Executive Summary
Overall classification accuracy and key discriminating measurements
The Random Forest classifier achieved 95.6% accuracy on the held-out test set, correctly identifying the species of 43 out of 45 unseen flowers. petal_length emerged as the most discriminating measurement by a wide margin, with setosa showing the highest per-species recall. LDA confirmed that just two linear axes capture nearly all between-species variance, demonstrating that iris species are geometrically well-separated in measurement space.
Species Measurement Profiles
Mean petal and sepal dimensions per species
| n | species | petal_width_mean | sepal_width_mean | petal_length_mean | sepal_length_mean |
|---|---|---|---|---|---|
| 50 | setosa | 0.25 | 3.43 | 1.46 | 5.01 |
| 50 | versicolor | 1.33 | 2.77 | 4.26 | 5.94 |
| 50 | virginica | 2.03 | 2.97 | 5.55 | 6.59 |
Setosa has by far the smallest petal dimensions (mean petal length 1.46 cm, width 0.25 cm), making it trivially separable from the other two species. Versicolor and Virginica overlap more on sepal measurements but differ clearly on petal length and width, explaining their occasional misclassification. Each species is represented by 50 specimens.
Measurement Distributions by Species
Box plots of all four measurements split by species
Petal length and petal width show the clearest separation across species, with virtually no overlap between Setosa and the other two taxa. Sepal width shows more within-species variability and greater overlap, explaining why it contributes less to classification accuracy. Comparing the four box plot groups reveals that petal measurements are the primary driver of species identity.
Petal Dimensions Scatter by Species
Scatter of petal length vs petal width coloured by species
Plotting petal width against petal length reveals three visually distinct clusters with almost no overlap, confirming that these two measurements alone are sufficient to classify Setosa from all other specimens. Versicolor and Virginica clusters are adjacent but separable, with a small zone of potential confusion at cluster boundaries. This scatter is the most intuitive illustration of iris species separation.
Feature Correlation Matrix
Pearson correlations between all four iris measurements
Petal length and petal width are strongly correlated (r ≈ 0.96), meaning they carry largely overlapping species information. Sepal length is moderately correlated with both petal measures, while sepal width is nearly independent — explaining why it adds less discriminative power despite being a distinct biological measurement. High inter-feature correlation reduces effective dimensionality but does not harm accuracy.
Feature Importance for Species Classification
Random Forest mean-decrease-accuracy scores per measurement
petal_length is the most important feature with a mean-decrease-accuracy of 15.614, indicating that permuting this column causes the largest drop in classification accuracy. Petal measurements collectively dominate over sepal measurements, confirming the visual evidence from the scatter plot. Sepal width typically has the lowest importance because it overlaps across species more than the petal dimensions.
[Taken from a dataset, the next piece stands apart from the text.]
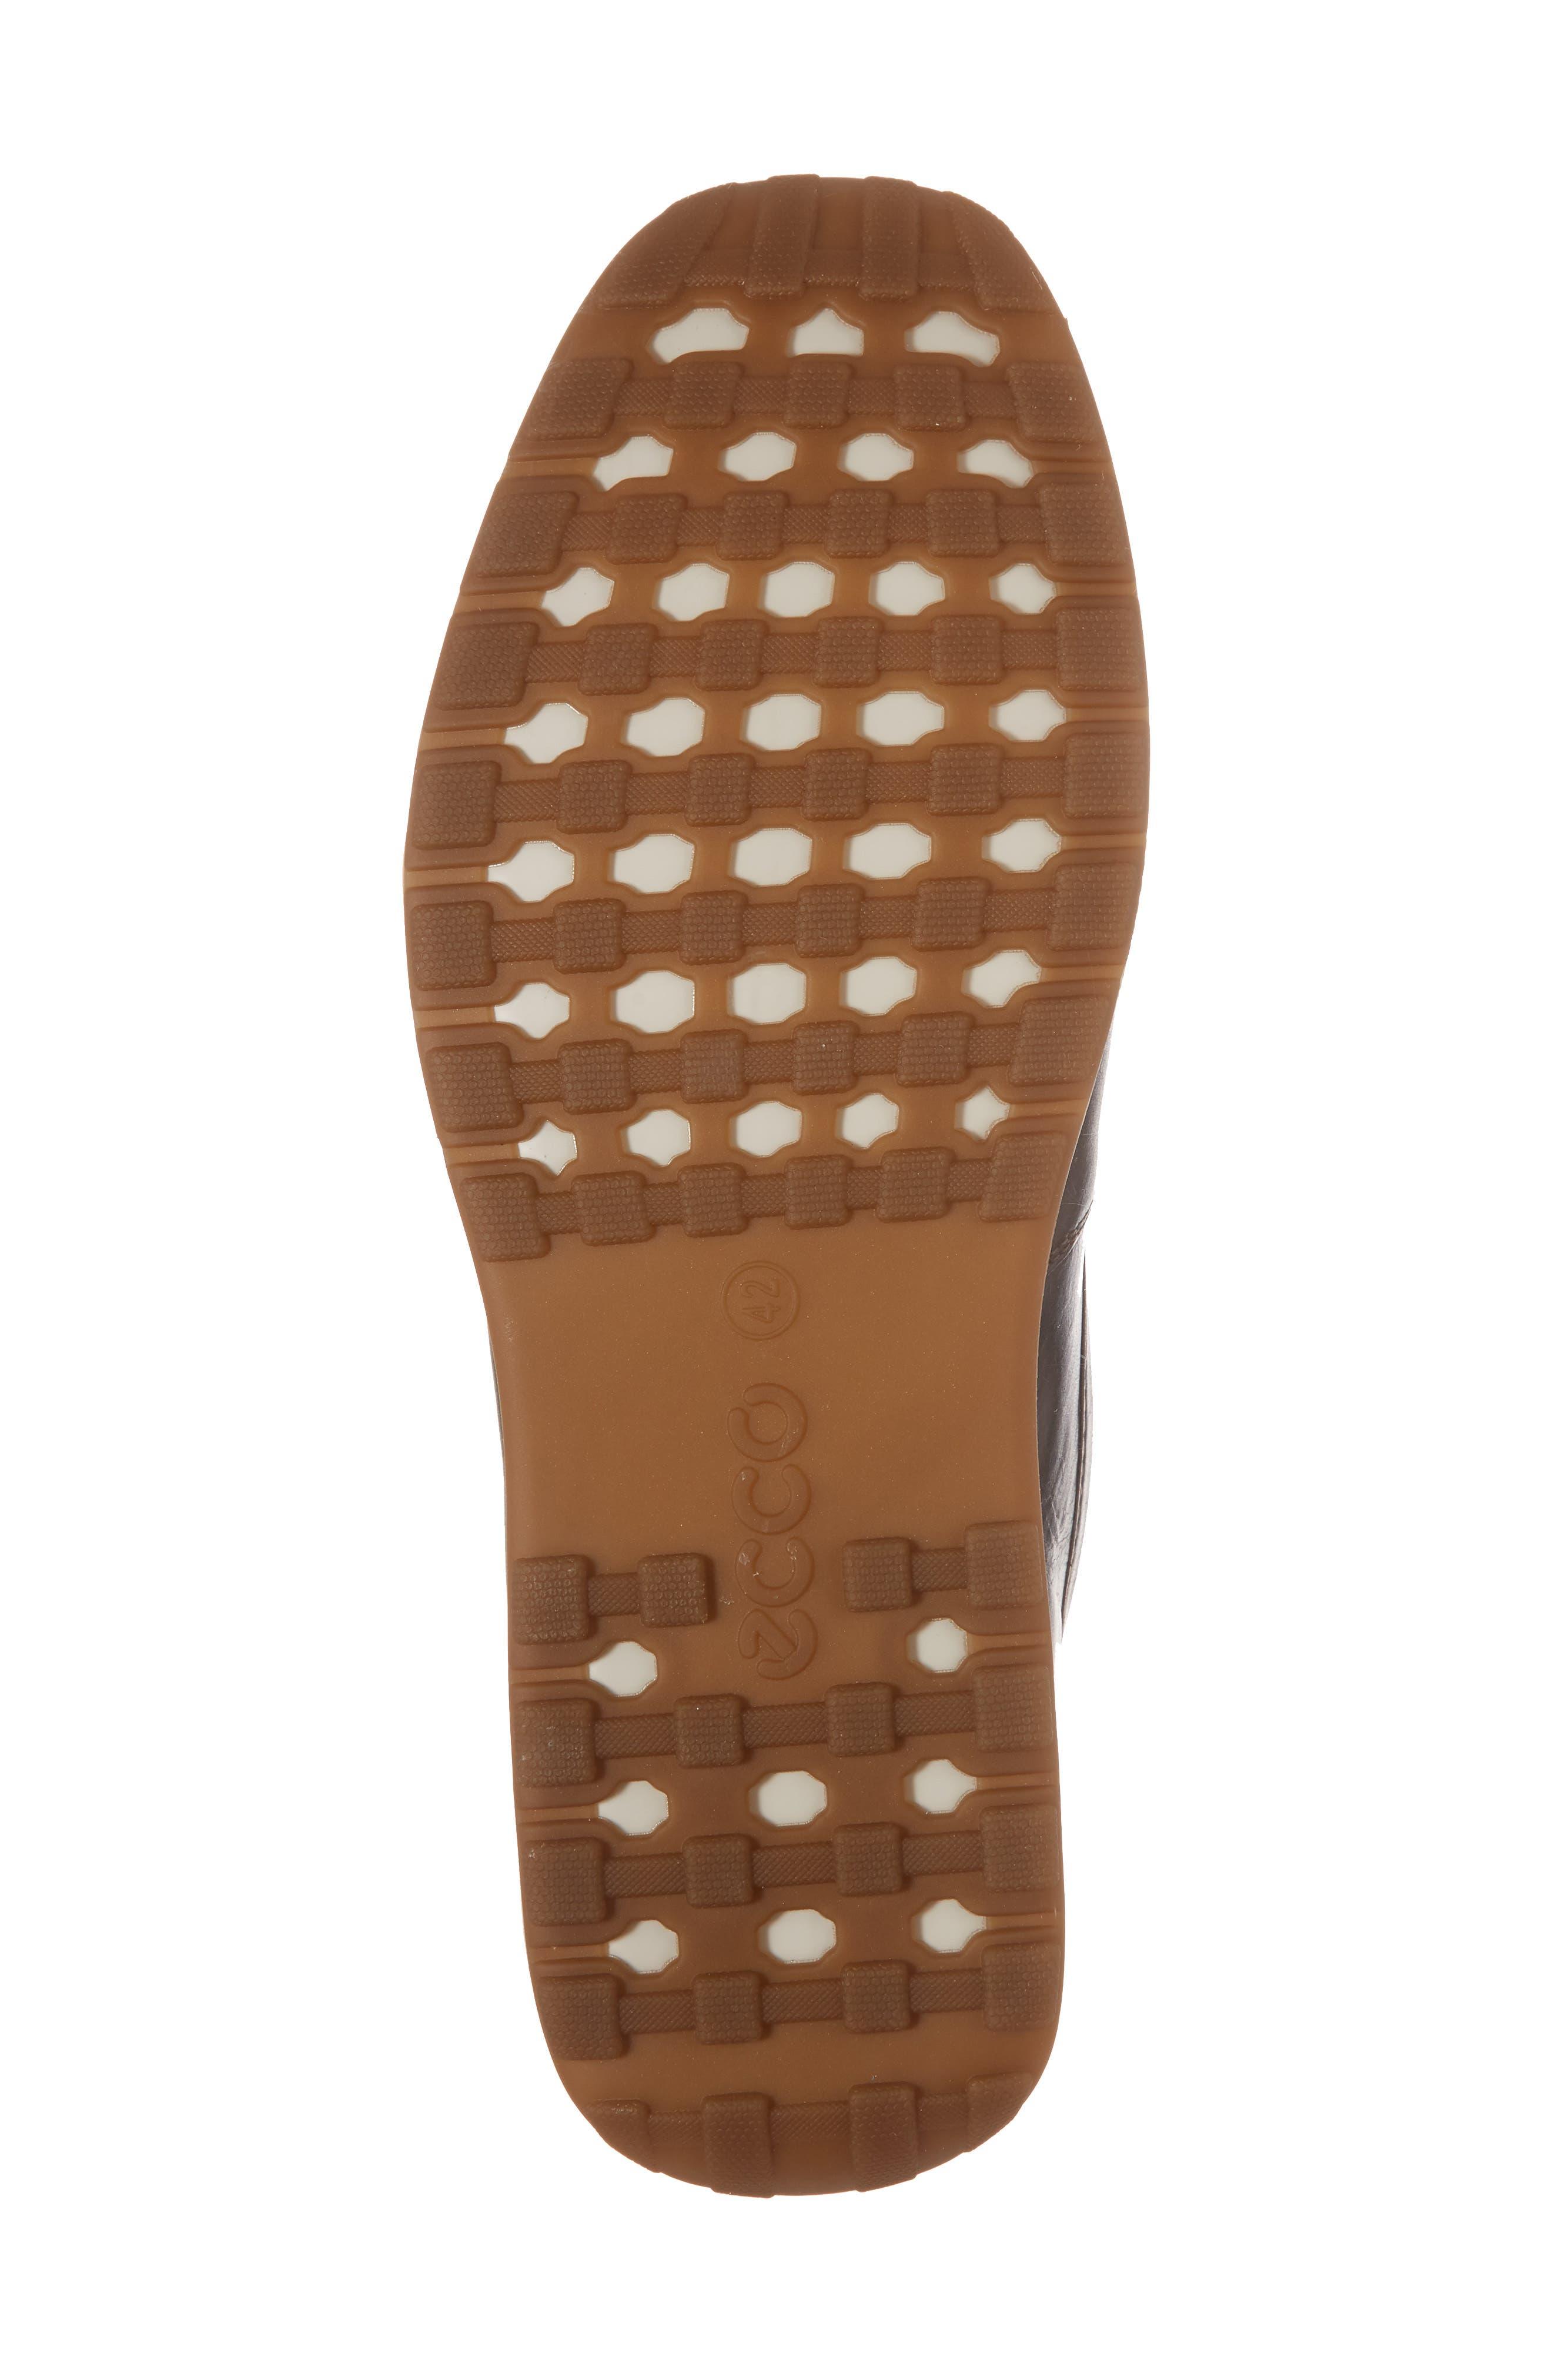 Dip Moc Toe Driving Loafer,                             Alternate thumbnail 6, color,                             Mocha Leather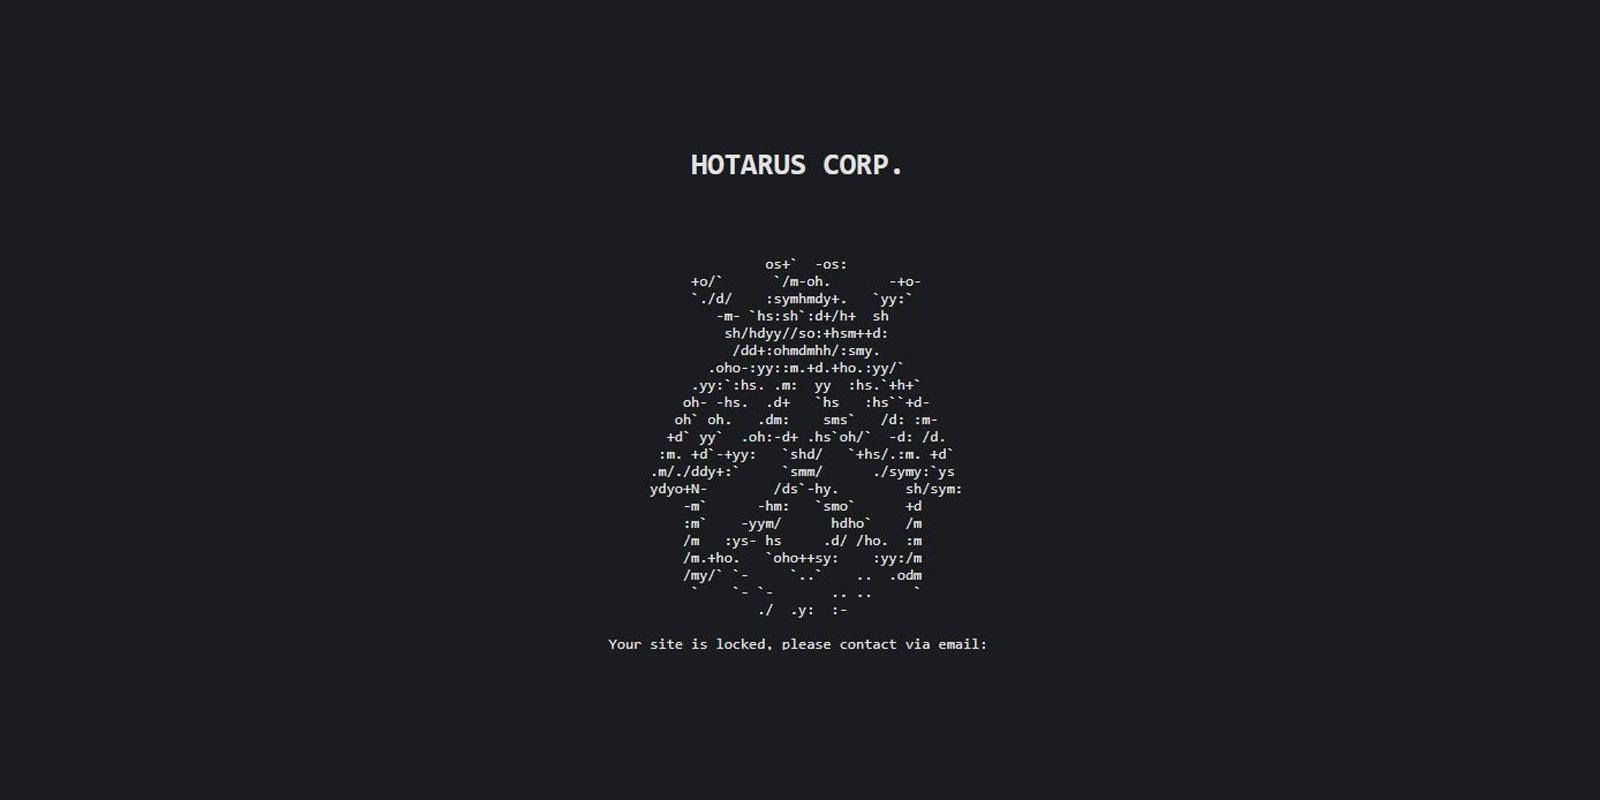 Hotarus Corp

Classification Confusion Matrix
Actual vs predicted species on the held-out test set
The overall test-set accuracy is 95.6%. Setosa is classified perfectly — no specimen is ever confused with Versicolor or Virginica. Any misclassifications occur exclusively between Versicolor and Virginica, which are the two morphologically similar species. Diagonal cells represent correct predictions; off-diagonal counts show where the classifier makes errors.
LDA Species Projection
All specimens projected onto the first two linear discriminant axes
Linear Discriminant Analysis compresses the four measurements into two axes that maximise between-species separation. On this projection, Setosa occupies the far left of LD1, completely isolated from the other two species. Versicolor and Virginica form adjacent but distinct clusters, with LD1 capturing most of the species variance and LD2 providing secondary resolution between those two species.